Exercise aim: Below are the entries; give again exactly the lines from the one mentioning "Two original marble tops." through the one mentioning "Use Fireflies to", inclusive.

Material supplied:

+ + +

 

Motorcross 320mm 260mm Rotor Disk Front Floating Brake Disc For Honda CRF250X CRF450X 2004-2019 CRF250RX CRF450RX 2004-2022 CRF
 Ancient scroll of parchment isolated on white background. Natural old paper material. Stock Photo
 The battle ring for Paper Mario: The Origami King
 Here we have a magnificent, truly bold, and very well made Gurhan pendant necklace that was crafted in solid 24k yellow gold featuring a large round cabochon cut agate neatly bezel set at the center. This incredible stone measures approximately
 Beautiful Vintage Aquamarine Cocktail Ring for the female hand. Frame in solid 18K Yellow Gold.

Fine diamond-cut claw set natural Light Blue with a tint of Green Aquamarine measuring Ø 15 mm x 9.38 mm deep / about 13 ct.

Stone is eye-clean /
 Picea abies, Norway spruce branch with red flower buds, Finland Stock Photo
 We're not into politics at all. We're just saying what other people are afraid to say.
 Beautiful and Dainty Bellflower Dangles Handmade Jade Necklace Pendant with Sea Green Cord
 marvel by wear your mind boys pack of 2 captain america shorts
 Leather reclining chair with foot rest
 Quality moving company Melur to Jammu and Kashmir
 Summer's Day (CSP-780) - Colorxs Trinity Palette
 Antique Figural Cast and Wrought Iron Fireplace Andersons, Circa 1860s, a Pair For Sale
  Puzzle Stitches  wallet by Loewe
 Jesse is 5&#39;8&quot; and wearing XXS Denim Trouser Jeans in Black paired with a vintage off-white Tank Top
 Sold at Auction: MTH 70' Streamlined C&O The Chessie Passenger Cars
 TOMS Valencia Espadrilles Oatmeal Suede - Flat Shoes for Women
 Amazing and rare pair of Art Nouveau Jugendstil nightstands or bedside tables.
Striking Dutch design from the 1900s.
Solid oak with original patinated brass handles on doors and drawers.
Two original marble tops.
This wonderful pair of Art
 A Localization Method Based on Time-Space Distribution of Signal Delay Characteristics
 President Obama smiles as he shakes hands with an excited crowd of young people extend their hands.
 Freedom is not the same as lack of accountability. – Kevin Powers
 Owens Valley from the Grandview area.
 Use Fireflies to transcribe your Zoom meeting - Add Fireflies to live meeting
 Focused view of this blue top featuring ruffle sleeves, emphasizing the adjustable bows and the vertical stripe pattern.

+ + +

Written response:
Two original marble tops.
This wonderful pair of Art
 A Localization Method Based on Time-Space Distribution of Signal Delay Characteristics
 President Obama smiles as he shakes hands with an excited crowd of young people extend their hands.
 Freedom is not the same as lack of accountability. – Kevin Powers
 Owens Valley from the Grandview area.
 Use Fireflies to transcribe your Zoom meeting - Add Fireflies to live meeting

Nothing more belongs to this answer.